Edith Noyes Porter
Quick Facts
Biography
Edith Noyes Porter (March 26, 1875 – died after 1945) was an American composer, music educator, clubwoman, and pianist, based in Boston, Massachusetts.
Early life
Edith Rowena Noyes was born in Cambridge, Massachusetts, the daughter of Charles Claudius Noyes and Jeanette Mabel Pease Noyes. Her mother was better known as Boston contralto singer Jeanette Noyes Rice. Edith Noyes studied piano with Edward MacDowell and composition with George Whitefield Chadwick.
Career
Edith Noyes began publishing her works while she was a teenager.She composed songs, hymns, instrumental works for piano and violin, an operetta, Last Summer, and an opera, Osseo. Last Summer was produced in 1900 as a benefit for the Quincy Hospital. She also taught piano in Boston.
In 1895, Noyes started the first MacDowell Club, a music performance and appreciation club in Boston, named as a tribute to her piano teacher. She was founder (in 1911) and president of the city's Music Lovers' Club, and was a member of the Chromatic Musical Club.

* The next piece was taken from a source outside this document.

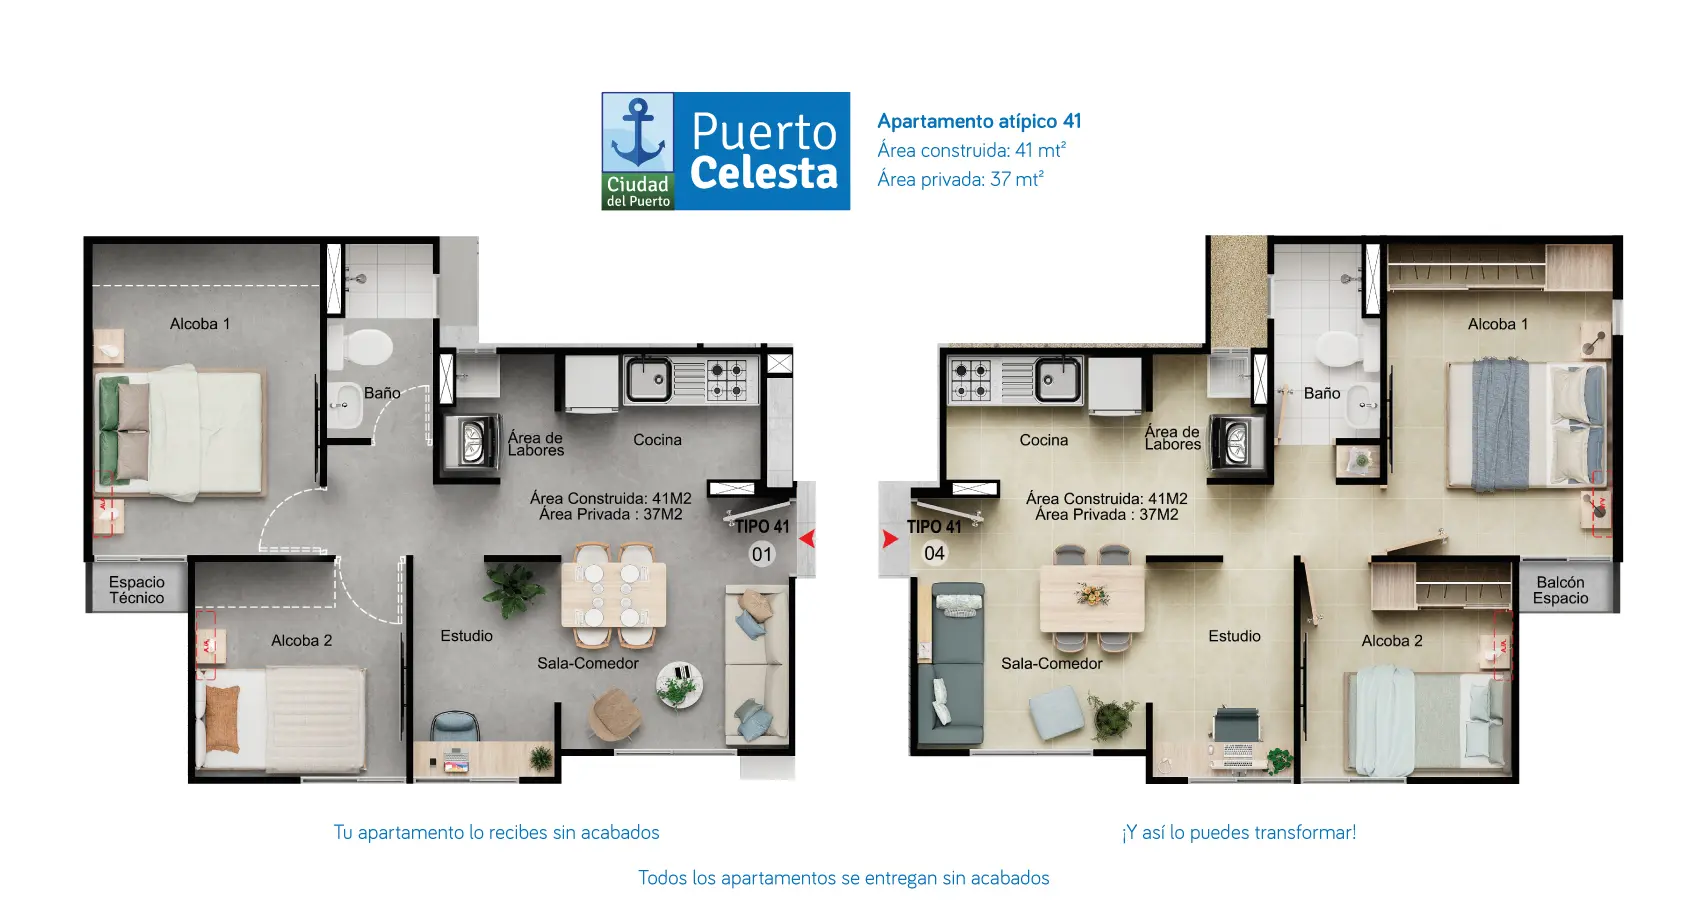 Apartamento tipo 41 - Puerto Celesta

Edith Noyes Greene promoted the work of disabled "cowboy" painter Floyd Niles Walser. In 1929, she hosted a weekly radio show highlighting Boston musicians and events. In 1933, she directed a concert benefiting the Peabody Home for Crippled Children.
Personal life
Edith Noyes married educator Henry Whitcomb Porter in 1898. They had a son, John Whitcomb Porter, and divorced in 1908. She married again, to fellow pianist Roy Goddard Greene, in 1909. On the Greenes' wedding trip to Europe in 1909, they stayed with Ignacy Jan Paderewski in Switzerland and she studied with conductor Emil Paur. Roy Greene died in 1946, and Edith Noyes Greene was listed in his death notice as his survivor.
Her house is included in historical tours of Framingham.